Making SVN on apache server windows integrated authentication for free

Question

Hi i work in a place that runs programming courses, in alot of the courses the students are required to do a project in order to pass the course, and sometimes the projects are even done in groups, so you can understan the need for version control, we use svn and we run it on an apache server in a windows server 2003 operting system.

in order for the students not to be able to copy each others code we want to make the authntication with the svn server windows integrated, meaning that the student won't be prompt for user name and password when he is trying to access the svn, but will automatically connect to the svn with the current user name and password.

our fear is that students will share thier passwords with one another and easily get each others version of code from the svn.

I have tried searching for this on the internet, i found a version of visual svn server that supports Integrated windows authentication but this supports costs money,

I have tried using windows authntication modules for the apache server (mod_auth_sspi) but that didn't stop me from getting prompt for user name and password.

has anyone succeded in making his svn server windows integrated? and how? does anyone know of any other free version control systems that can be windows integrated? or maybe have any sort of an idea on my situation.

thanks.

Answer 1

I managed to achive this by making my svn authentication SSL, and setting the svn attribute "OfferBasic" inside the repository location tag to off.

Answer 2

I'm using Collabnet Subversion Edge here, and it appears to do LDAP. I'm not a security guy I don't know if that is the same as what you need.

Answer 3

In order for the students not to be able to copy each others code we want to make the authentication with the svn server windows integrated, meaning that the student won't be prompt for user name and password when he is trying to access the svn, but will automatically connect to the svn with the current user name and password.

How would this scheme prevent student A from passing the code over to student B?

Student A could simply download the code, zip it up, and pass it over to student B. Or, student A could use a client like svn-git, download the whole repository and pass it to student B. And, if student A gave student B the password to their Windows account, what's to prevent student B from logging in as student A?

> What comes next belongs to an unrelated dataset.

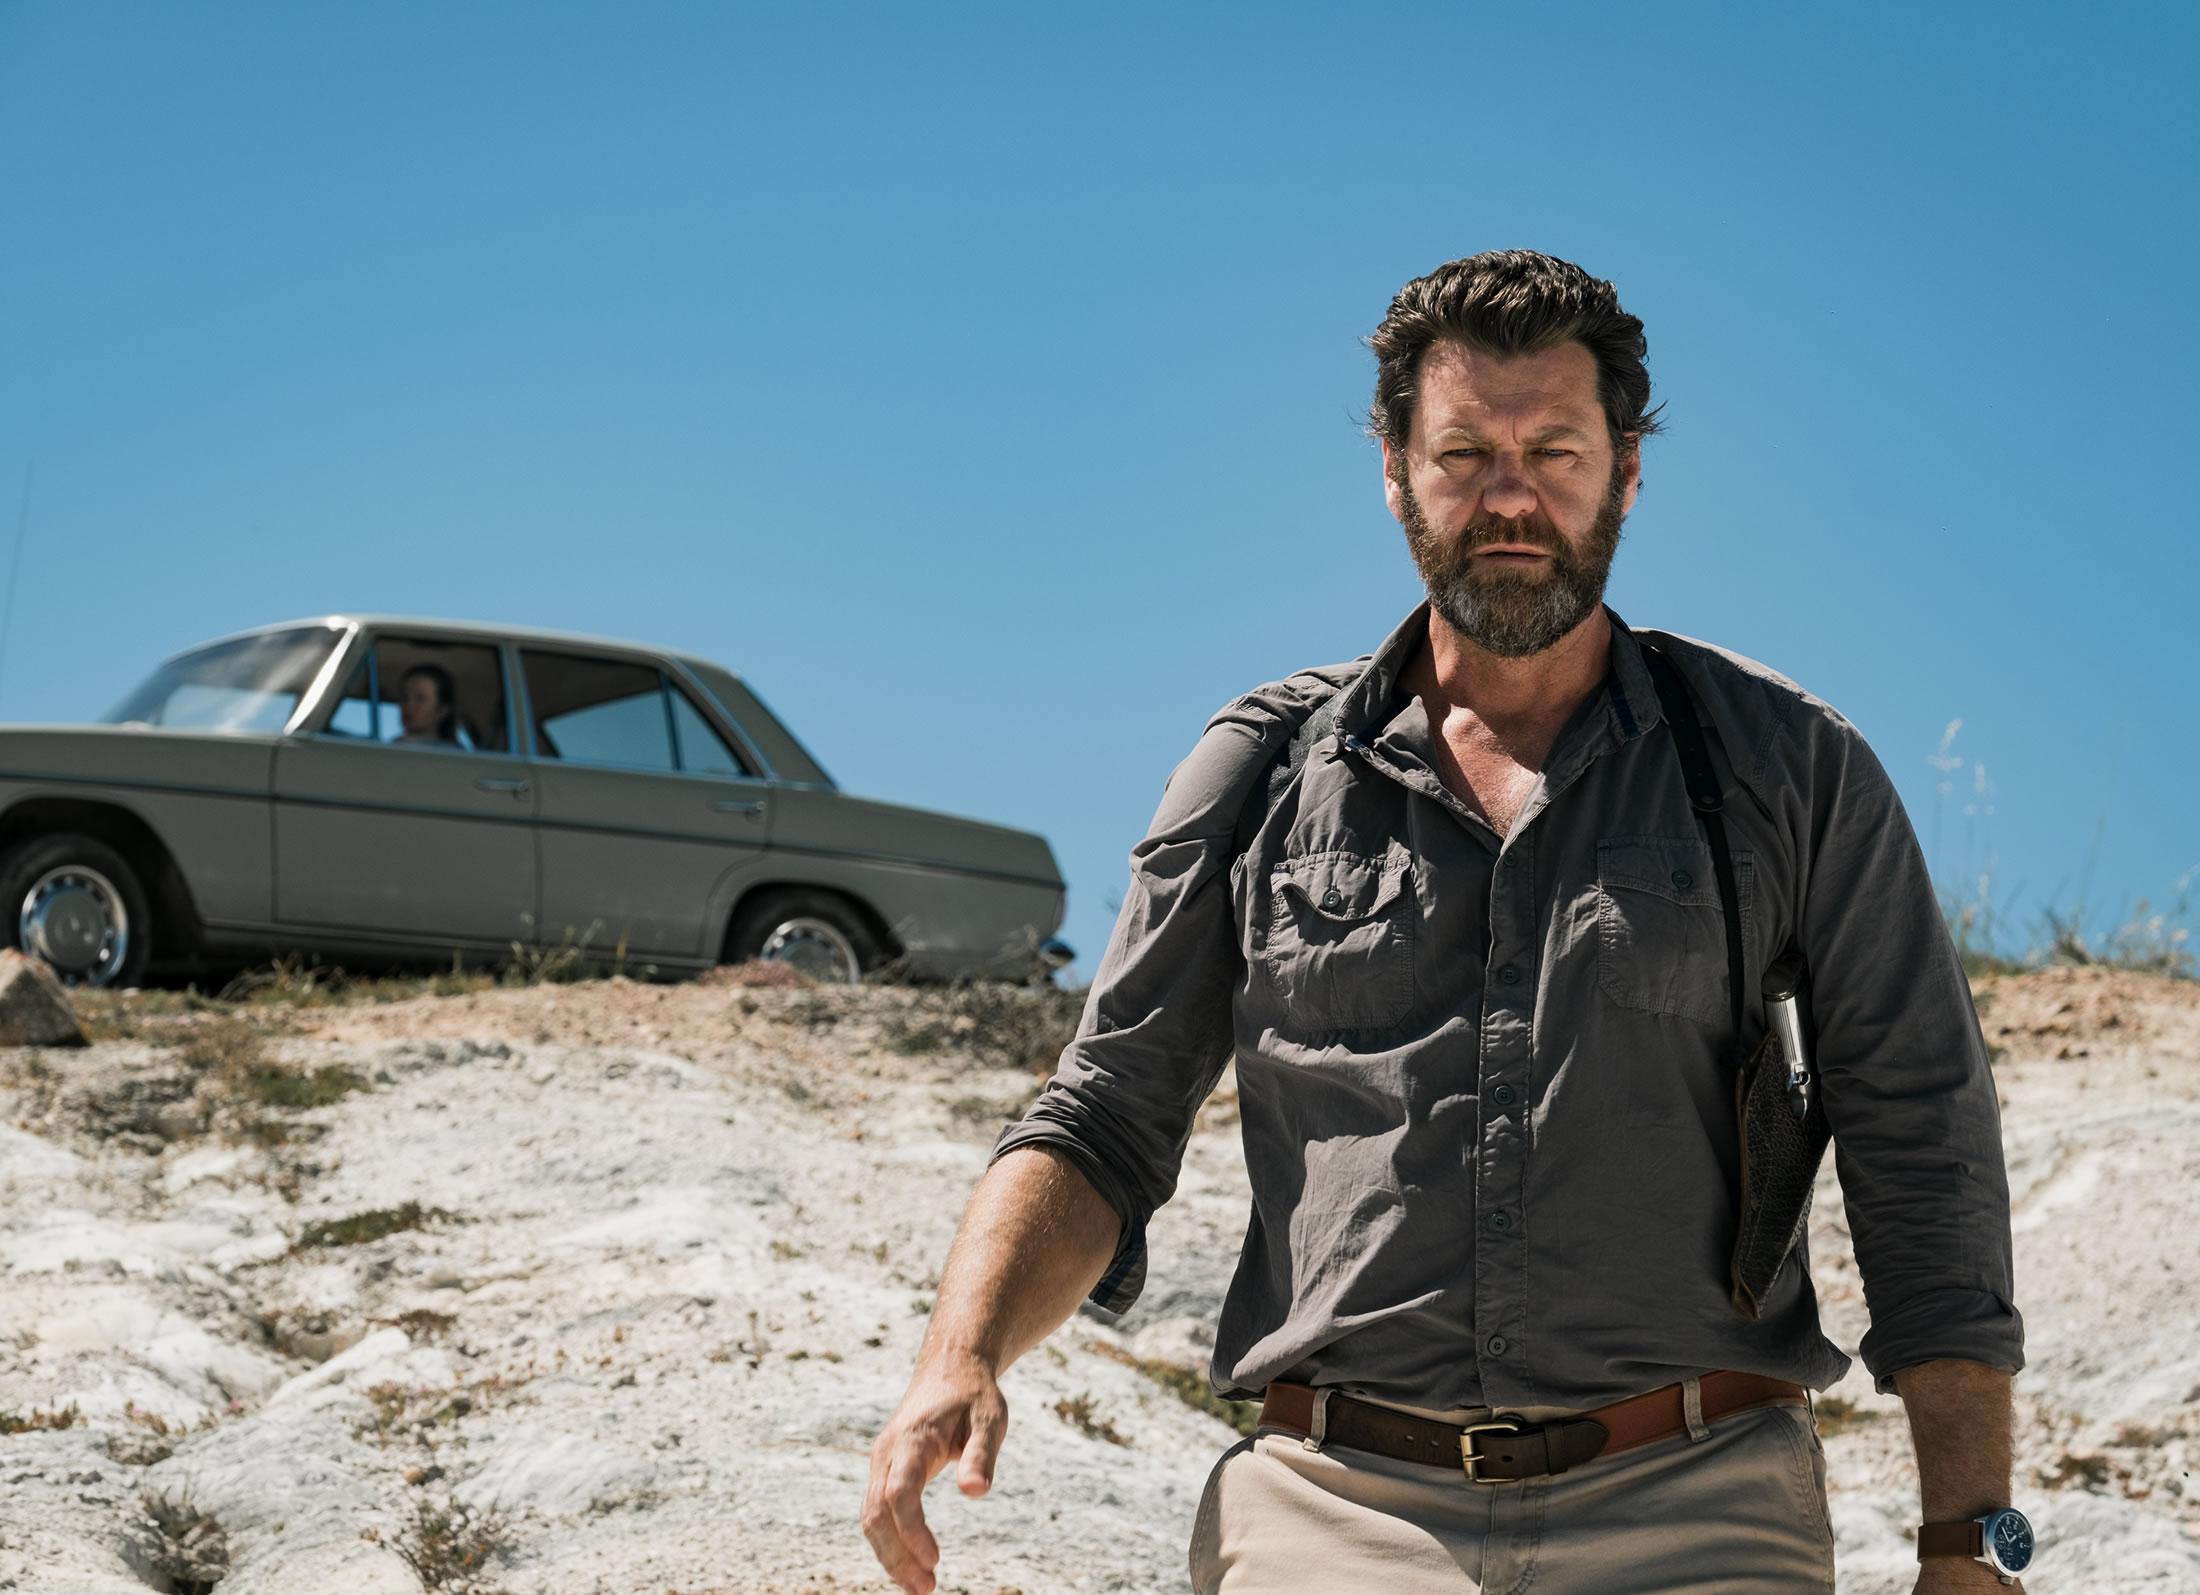 20181101-HC-Jonty-Acton-Greg-Lumley-Movie-Still-Africa.jpg

Back in Windows NT days, you could use NTLM. NTLM assumed that since you were logged into a Windows machine that was certified as a valid machine on the network, you already had authenticated and didn't need to reauthenticate. Thus, no need to ask for an account and password.

But NTLM required the server to be running IIS and the client running Windows NT and Internet Explorer 5. I believe it is still possible to use NTLM, but Microsoft no longer recommends it because it was so full of security holes.

Even if you could use NTLM, there's no Subversion server that works over IIS and there's no Subversion client that allows checkout via IE.

All you're doing is making it more difficult for students to actually do their work.